→ Brief
Please print the line that holds "Lenovo ThinkPad T480s - przód notebooka" and each line after it to the end of the data, word for word, without any pictures.

→ Information shown
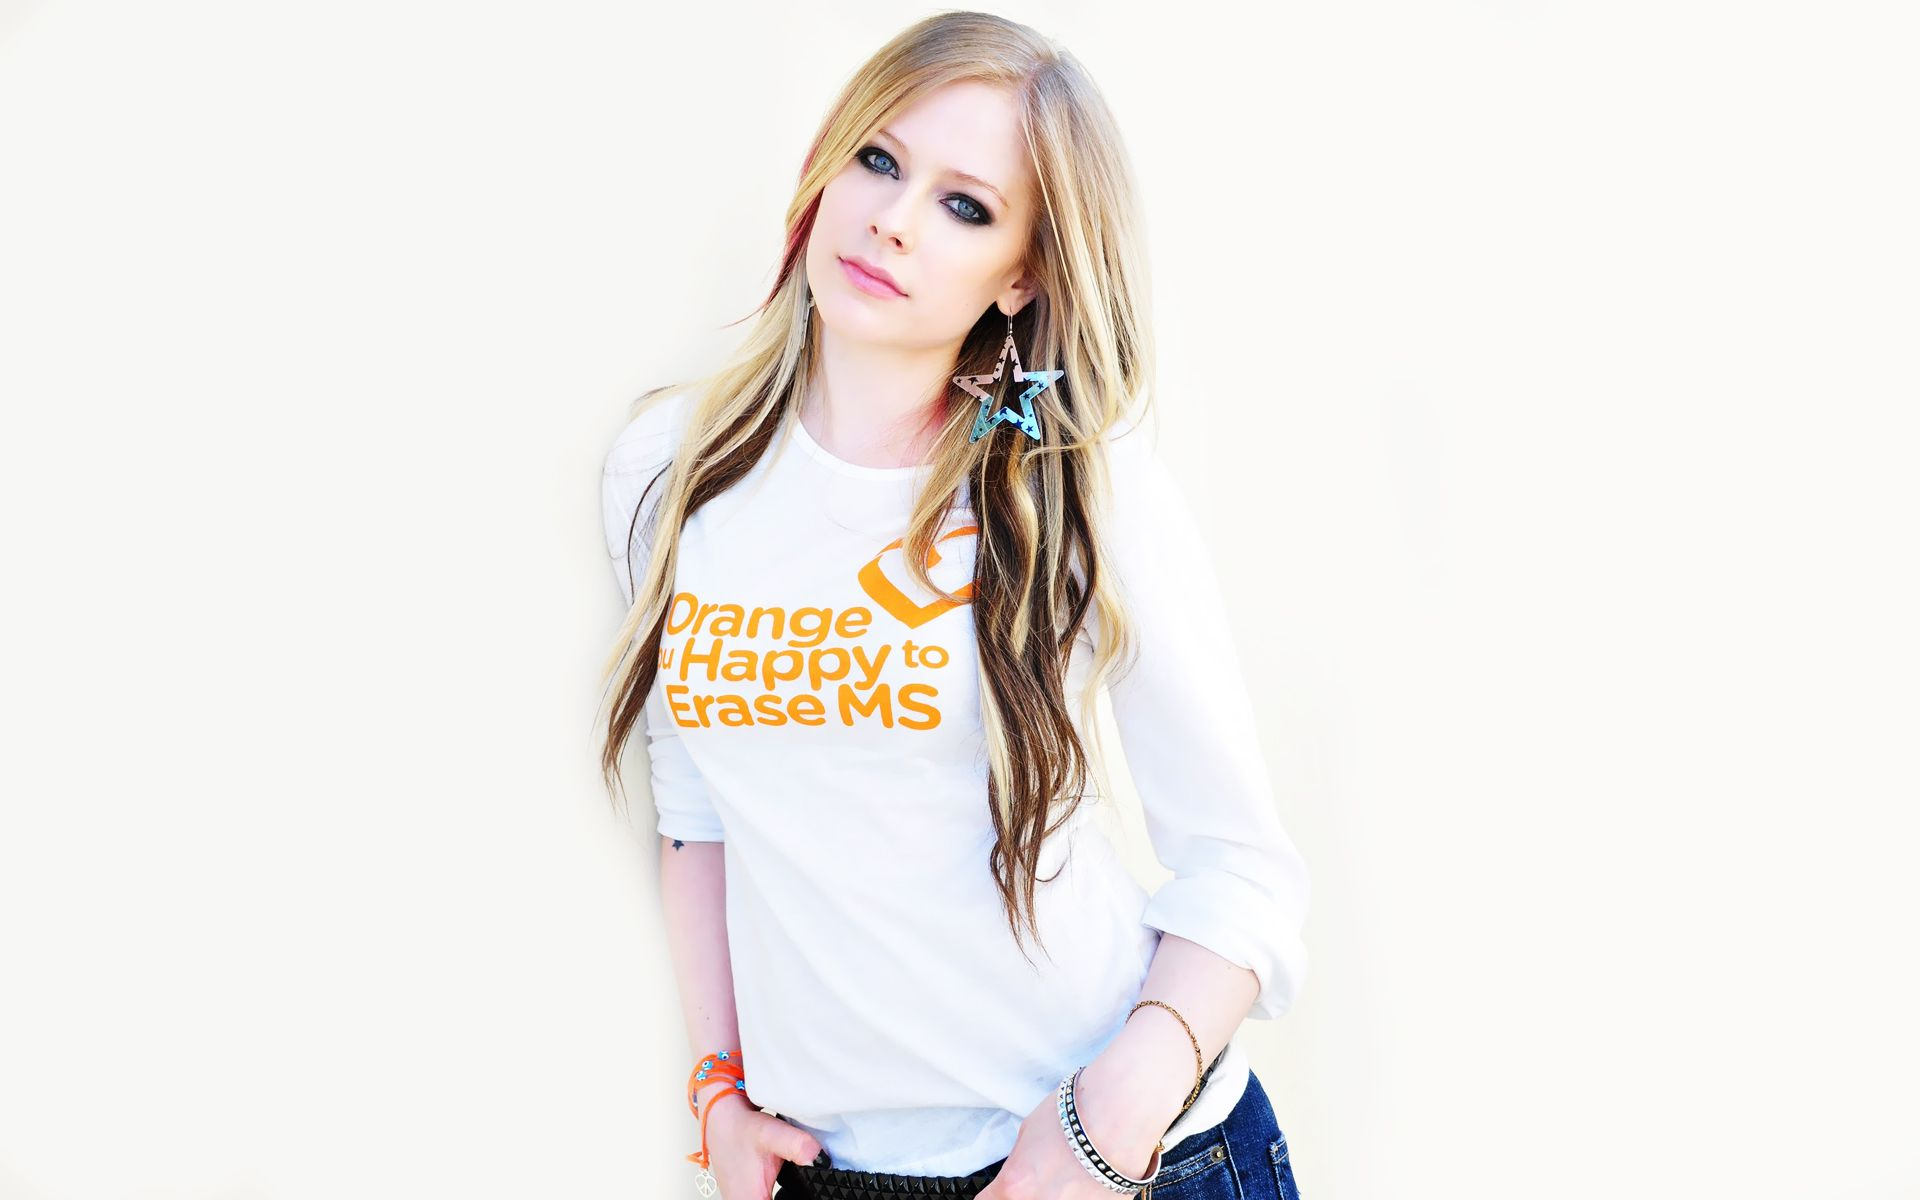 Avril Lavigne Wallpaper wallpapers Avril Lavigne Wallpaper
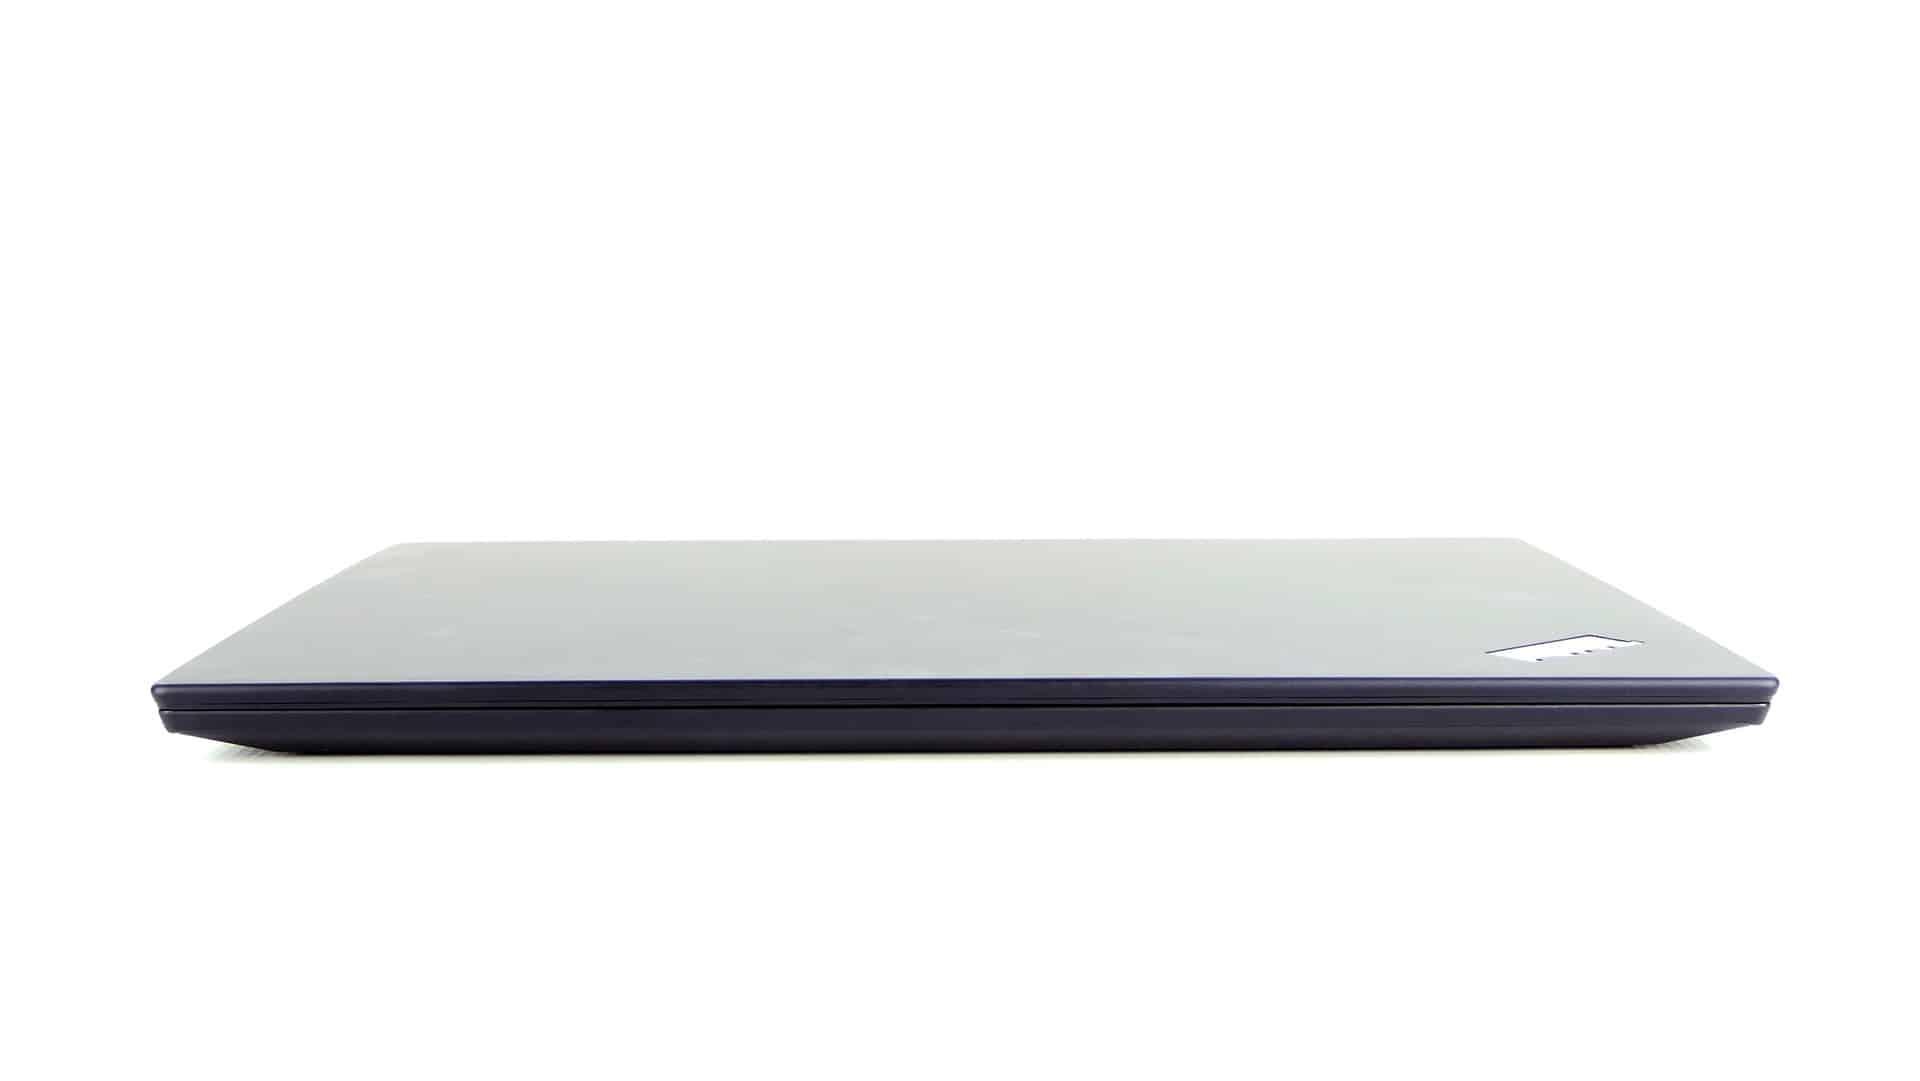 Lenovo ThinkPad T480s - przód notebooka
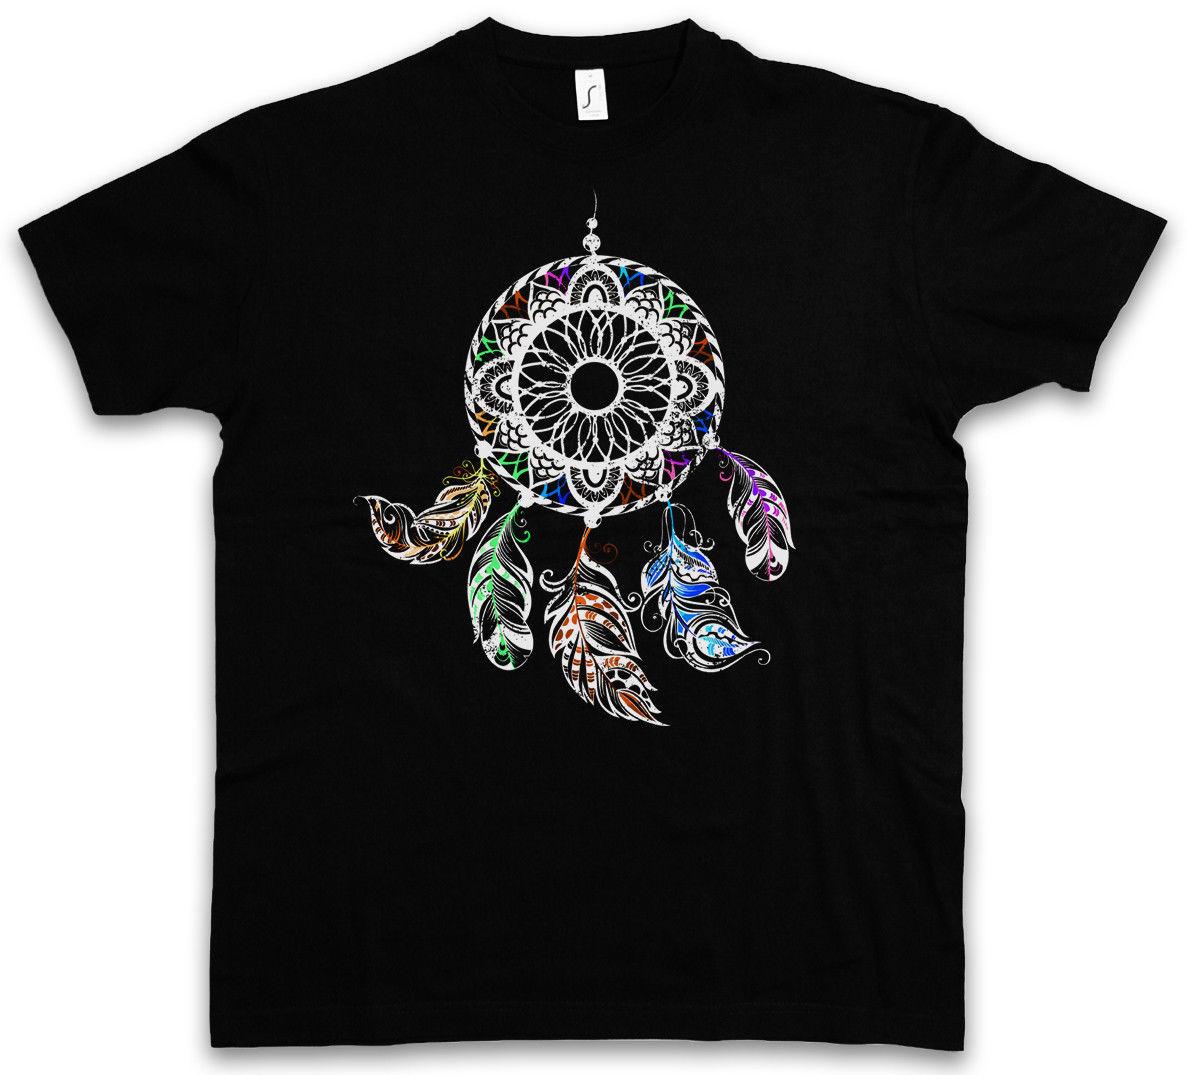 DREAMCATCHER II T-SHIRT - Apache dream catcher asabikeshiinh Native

→ Reply to the task
 Lenovo ThinkPad T480s - przód notebooka
 DREAMCATCHER II T-SHIRT - Apache dream catcher asabikeshiinh Native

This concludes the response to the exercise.